There were 367 households, out of which 24.8% had children under the age of 18 living with them, 55.0% were married couples living together, 4.4% had a female householder with no husband present, and 37.1% were non-families. 34.3% of all households were made up of individuals, and 24.5% had someone living alone who was 65 years of age or older. The average household size was 2.19 and the average family size was 2.81.

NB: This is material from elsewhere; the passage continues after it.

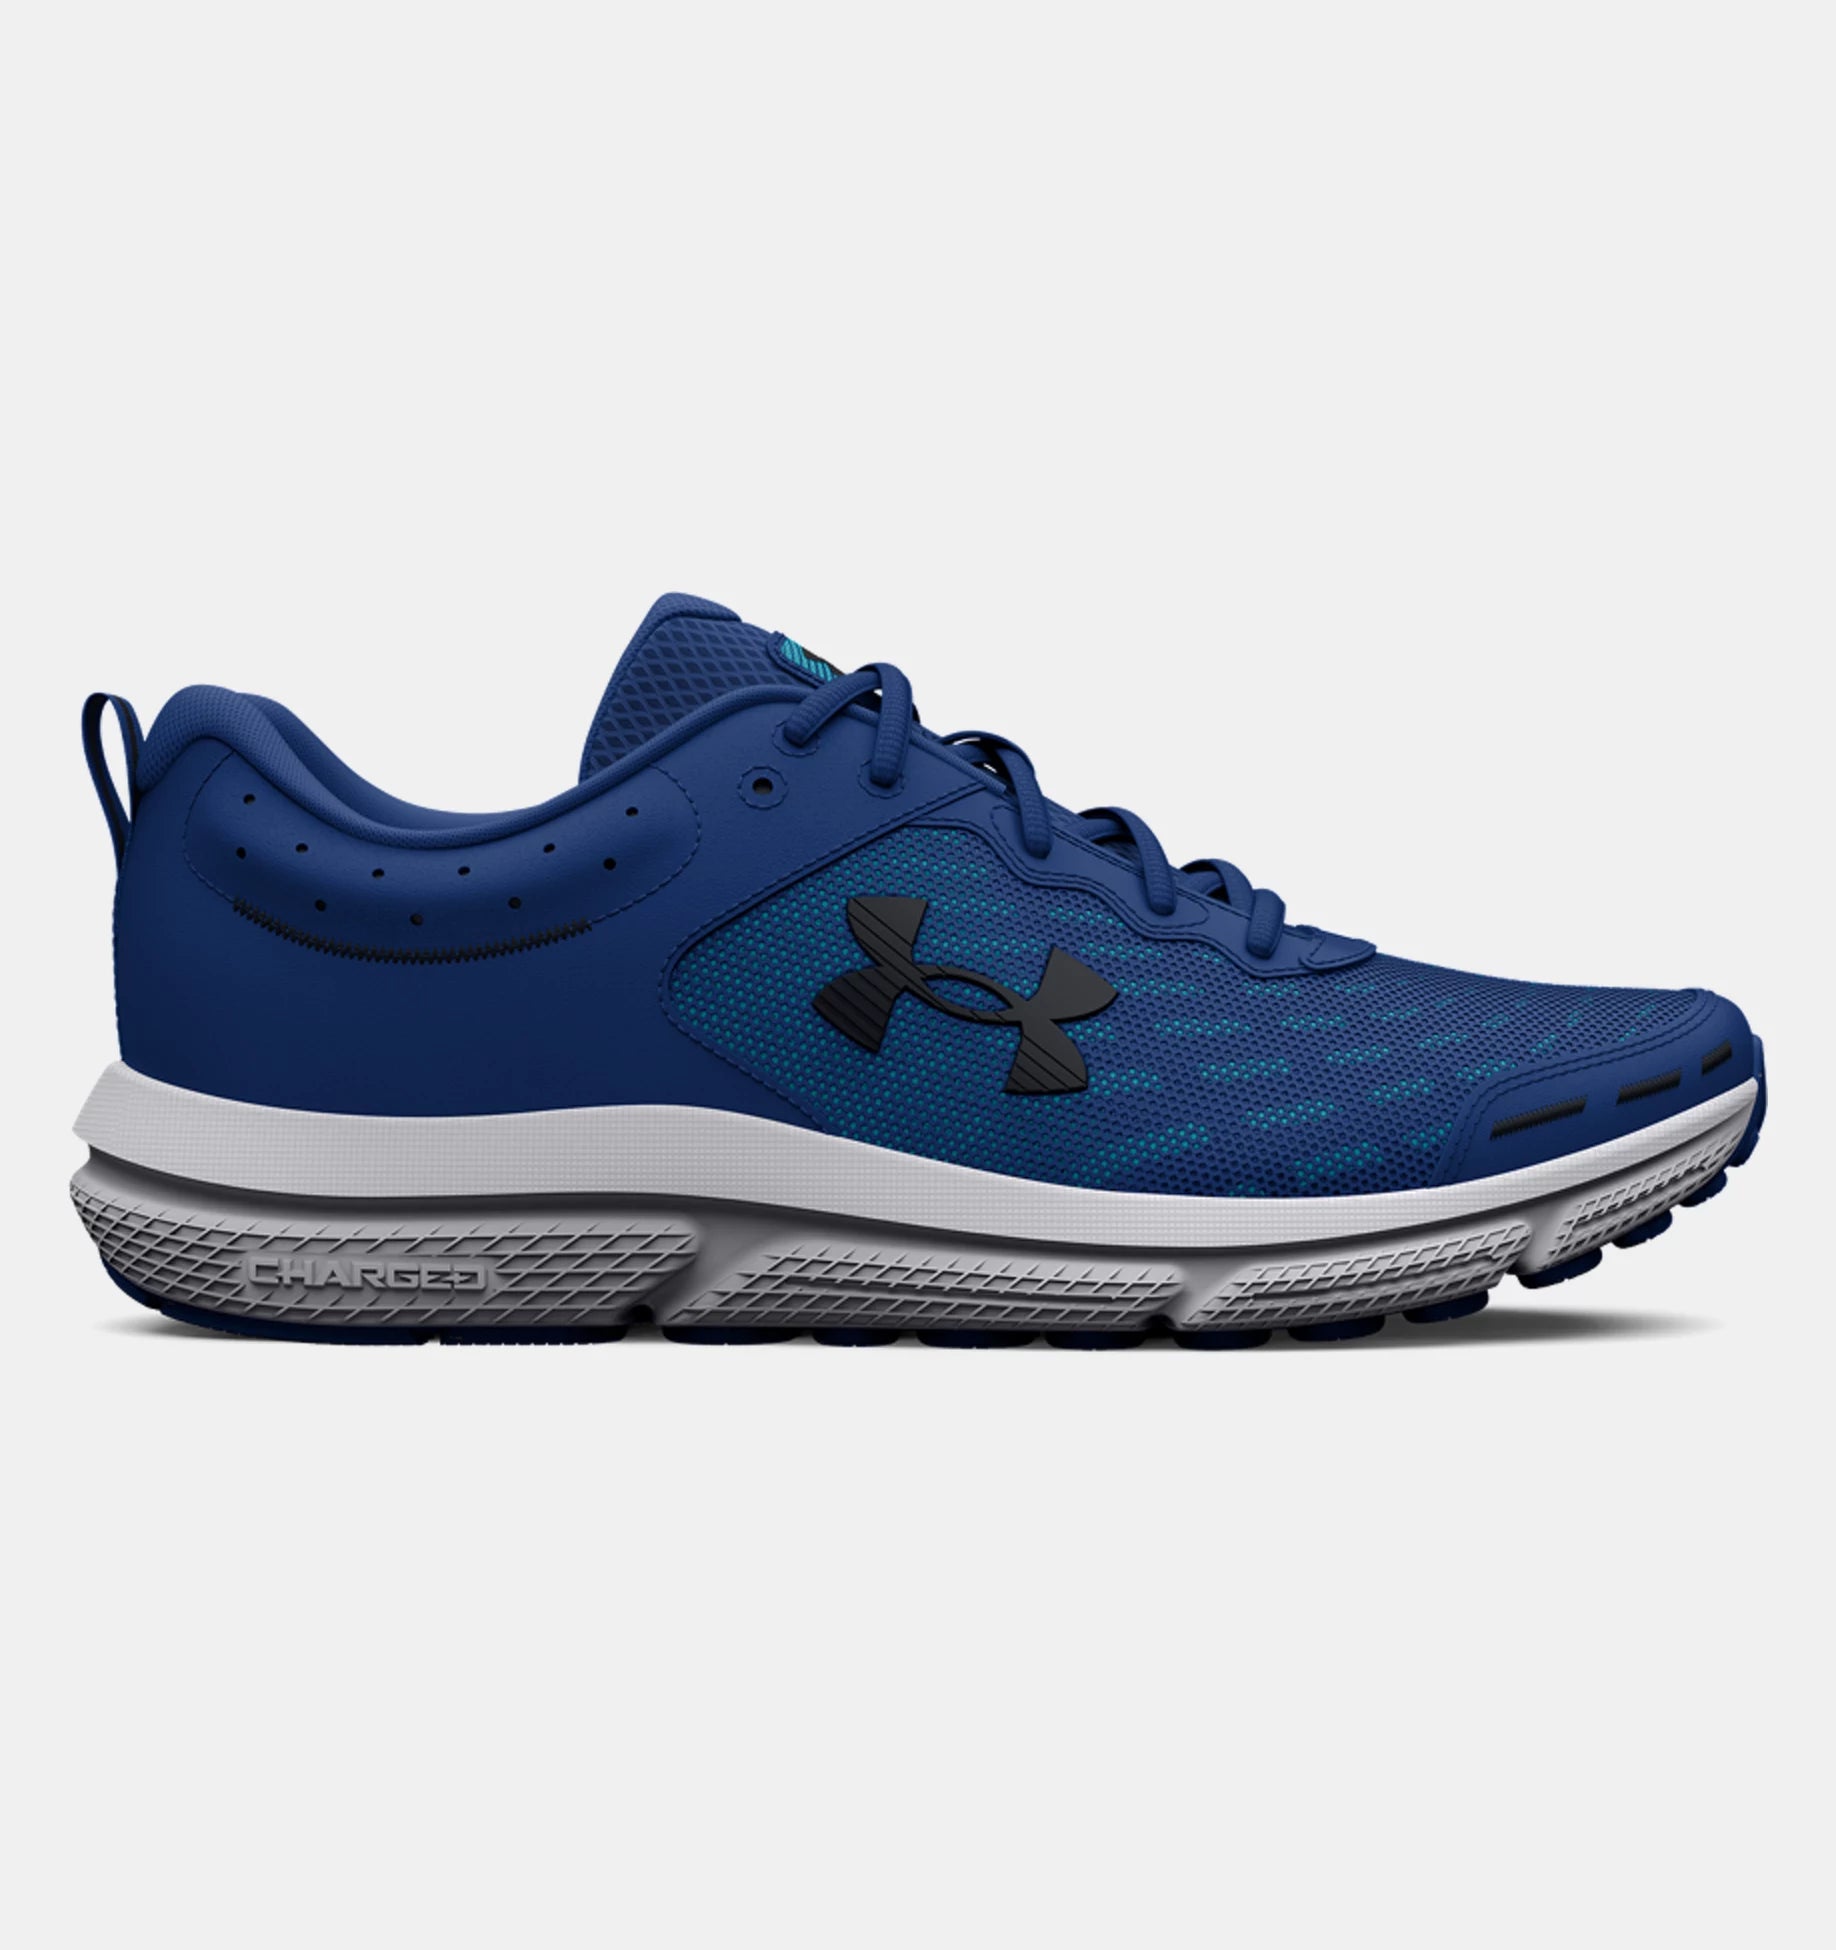 Under Armour Charged Assert 10 - Mens

In the city, the population was spread out, with 20.2% under the age of 18, 8.0% from 18 to 24, 18.7% from 25 to 44, 19.5% from 45 to 64, and 33.6% who were 65 years of age or older. The median age was 46 years. For every 100 females, there were 88.3 males. For every 100 females age 18 and over, there were 85.8 males.

The median income for a household in the city was $28,269, and the median income for a family was $34,545. Males had a median income of $25,167 versus $19,375 for females. The per capita income for the city was $16,078. About 6.8% of families and 10.5% of the population were below the poverty line, including 11.3% of those under age 18 and 16.7% of those age 65 or over.

==Education==
The community and nearby rural areas are served by Vermillion USD 380 public school district.

The Frankfort Wildcats won the Kansas State High School boys basketball class 2A championship in 1973 and the class 1A DII championship in 2012. Frankfort football teams have brought home state titles in 1983 in Class 1A, as well as 1996 in Class 2-1A. Both teams were coached by Larry Schroeder, a member of the KSHSAA Hall of Fame. Frankfort also won the 1A volleyball state championship in both 1986 and 2009.